Write out all the data verbatim. Skip images.

##### Data extract

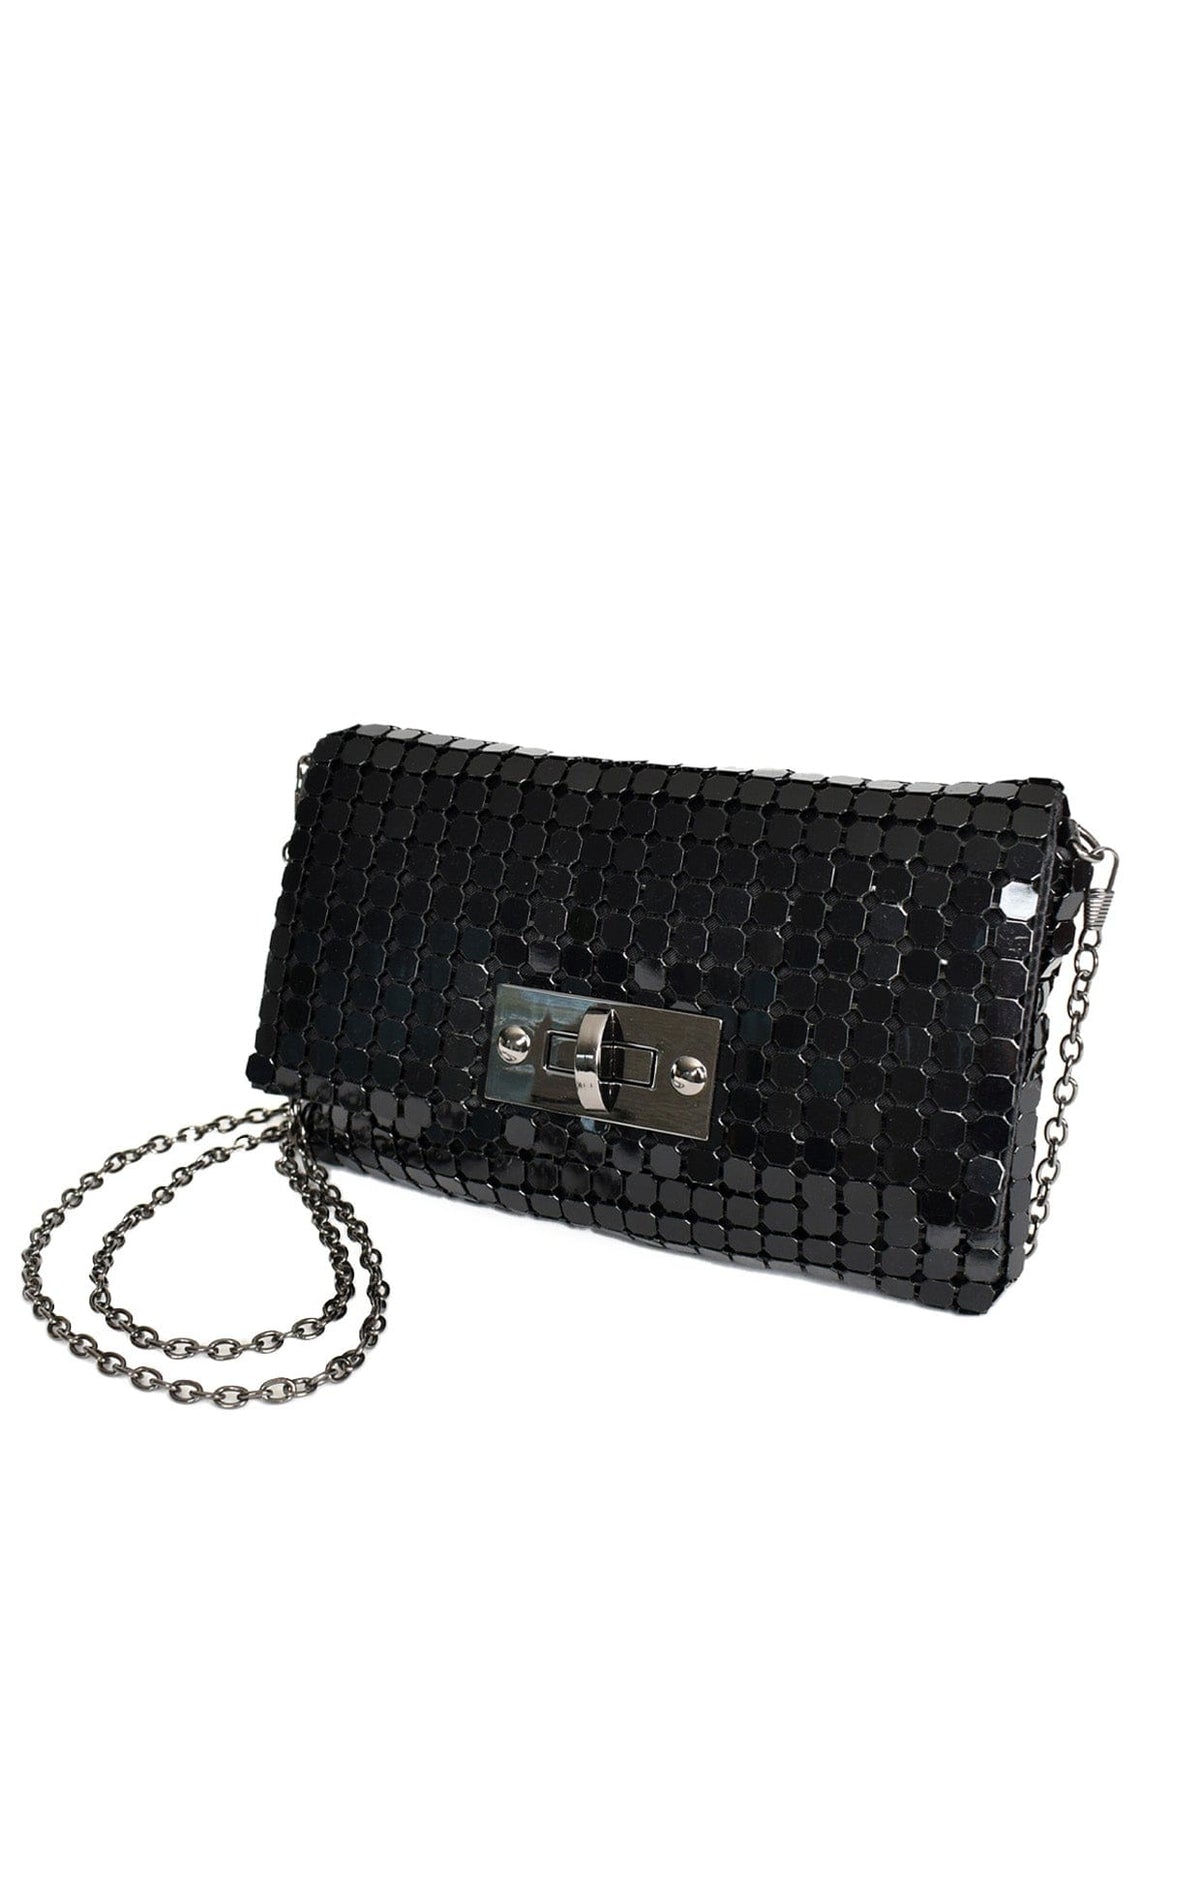 ACCESSORIES Bags Clutches One Size / Black CHAIN MESH TOGGLE FRONT CLUTCH IN BLACK
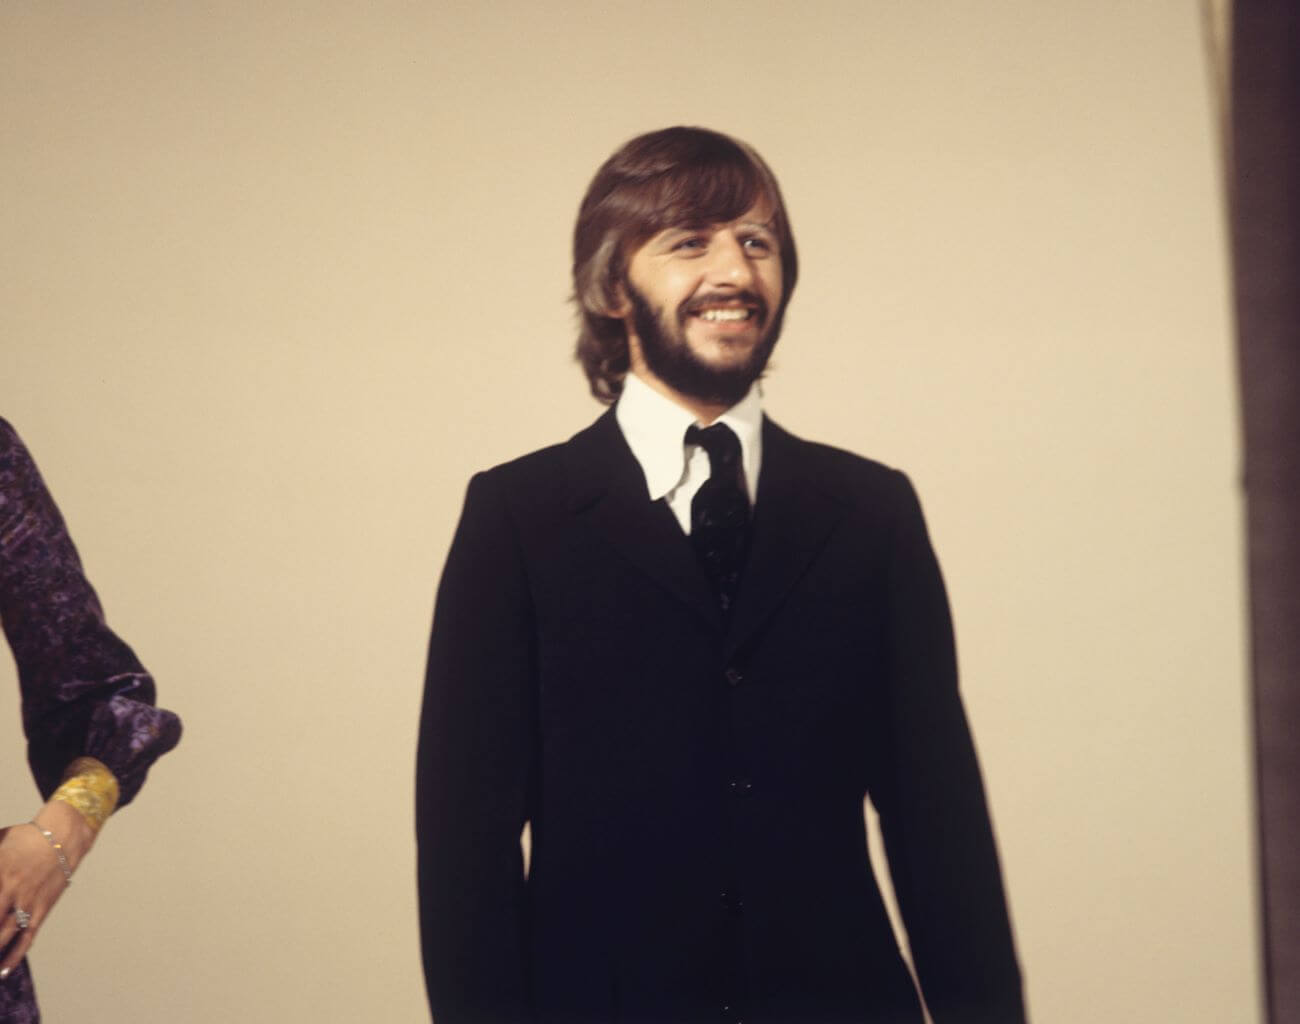 Ringo Starr wears a suit and stands in front of a tan background. 
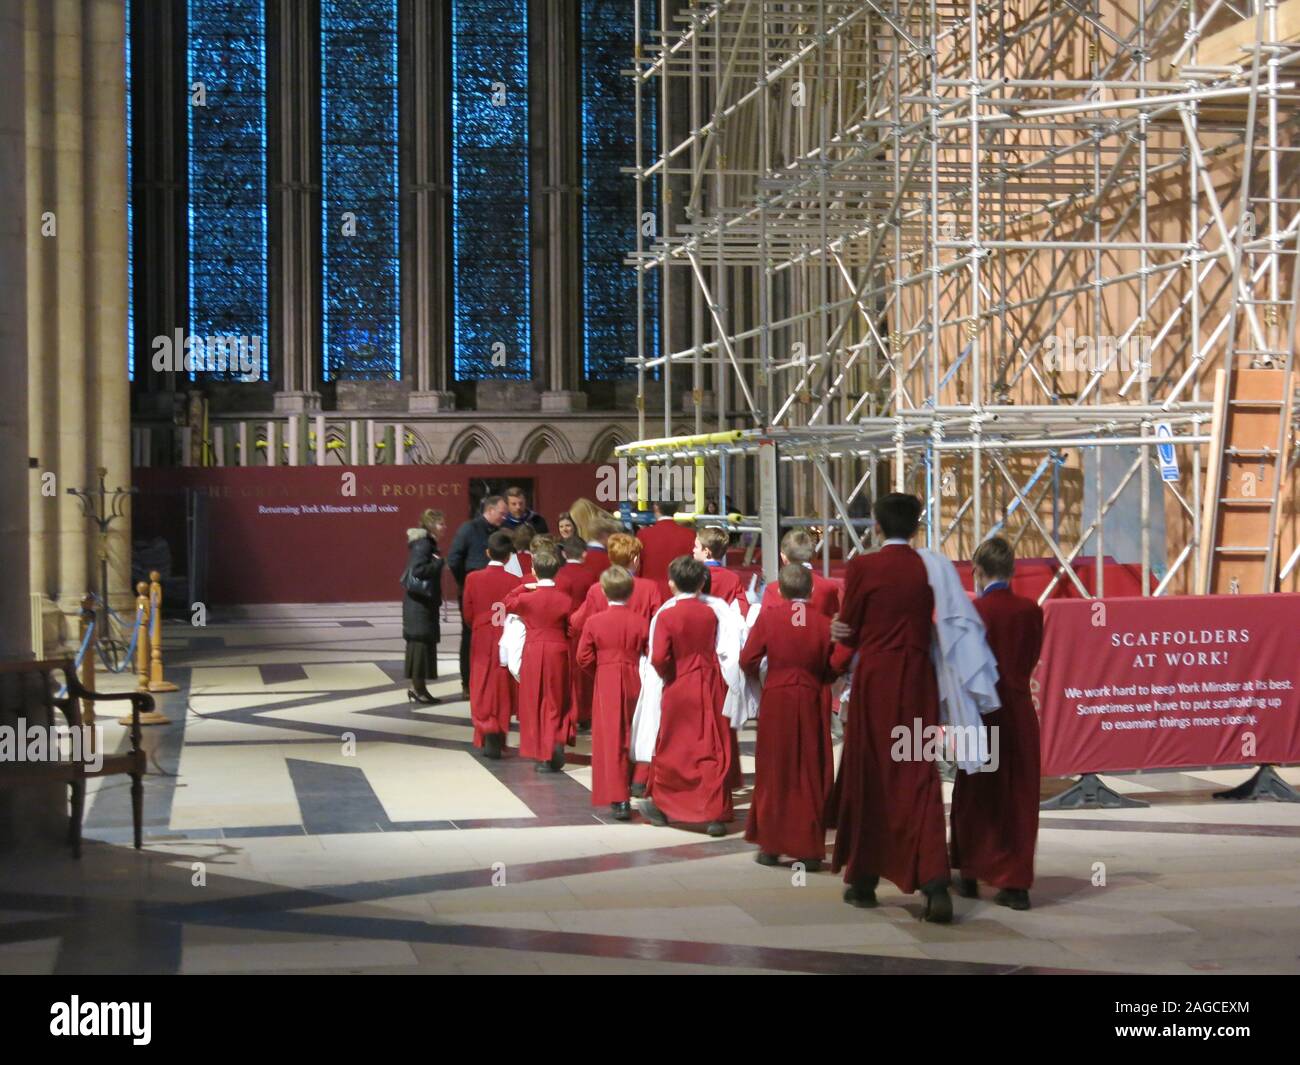 Parade of choirboys inside the Minster on their way to Choral Evensong; York Minster, December 2019 Stock Photo
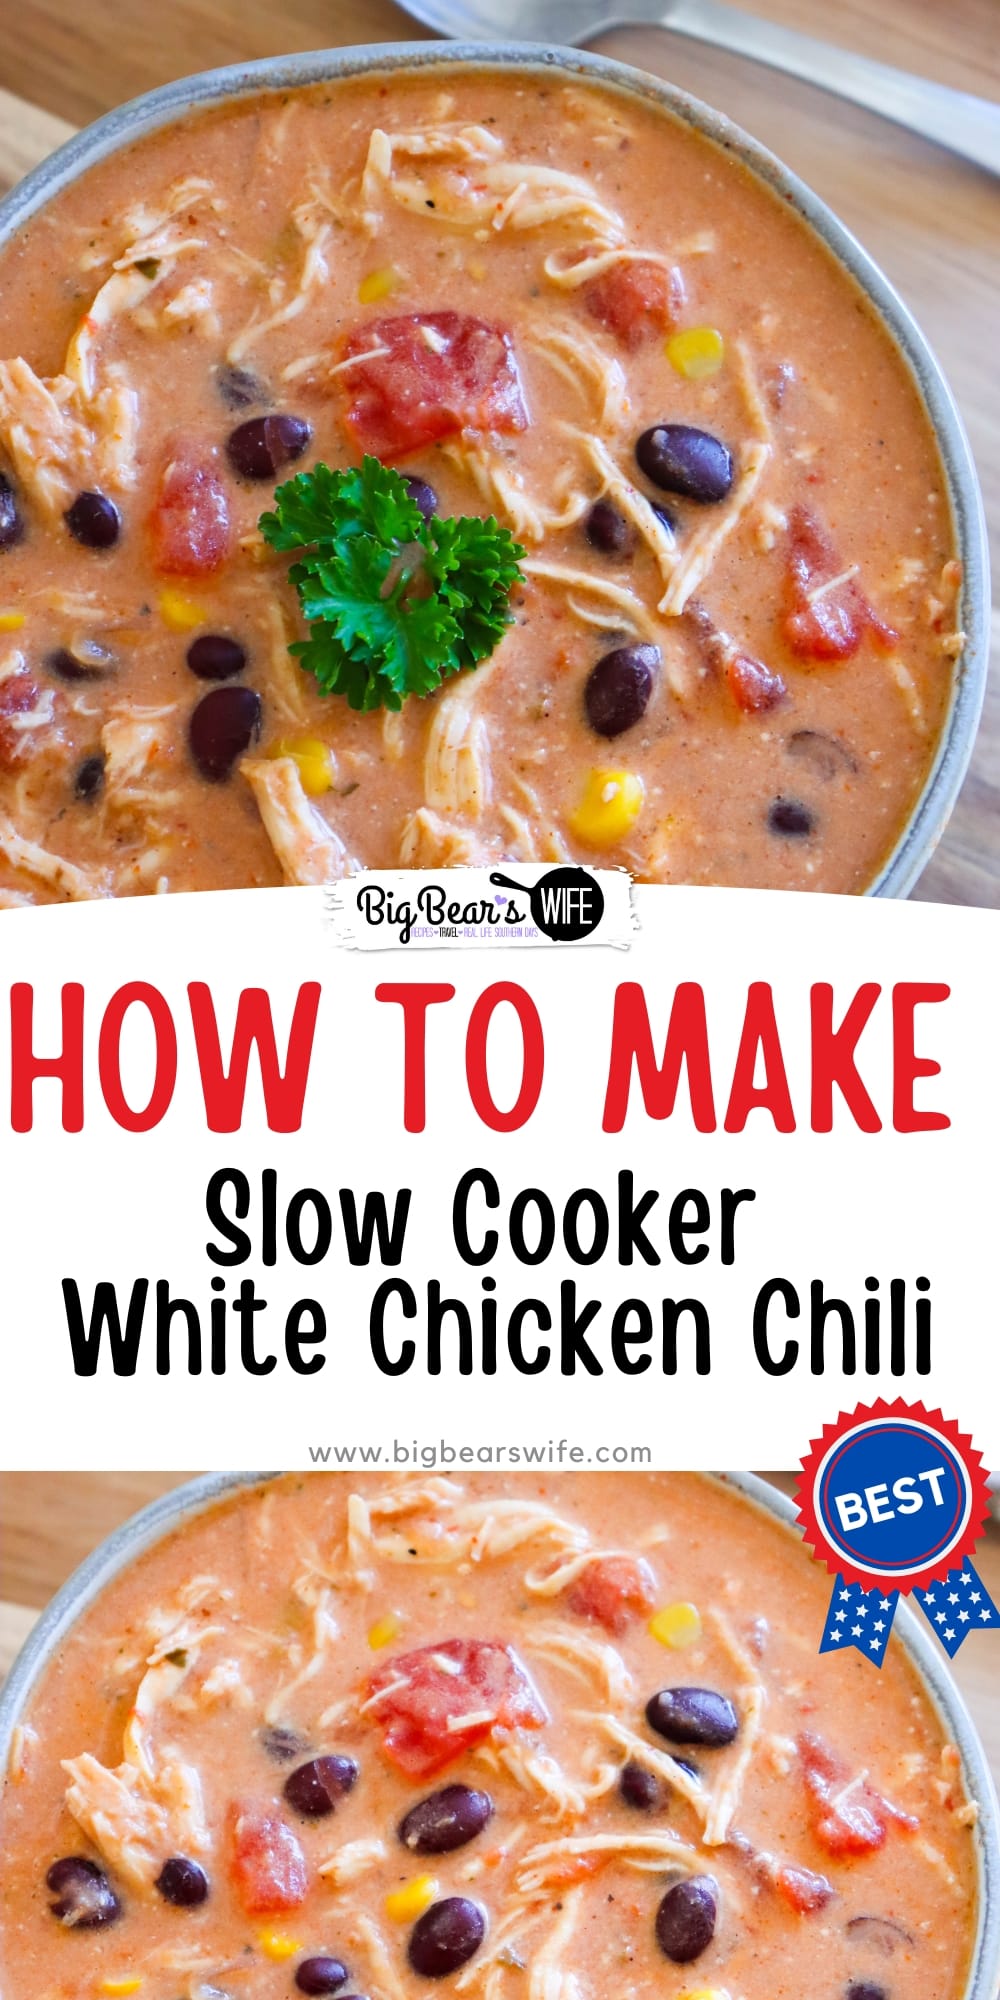 This White Chicken Chili is a recipe that my sister-in-law makes and we just love it! Perfect slow cooker meal that is easy to toss together and absolutely delicious!  via @bigbearswife

##########

Solution below -
 ACCESSORIES Bags Clutches One Size / Black CHAIN MESH TOGGLE FRONT CLUTCH IN BLACK
 Ringo Starr wears a suit and stands in front of a tan background. 
 Parade of choirboys inside the Minster on their way to Choral Evensong; York Minster, December 2019 Stock Photo
 This White Chicken Chili is a recipe that my sister-in-law makes and we just love it! Perfect slow cooker meal that is easy to toss together and absolutely delicious!  via @bigbearswife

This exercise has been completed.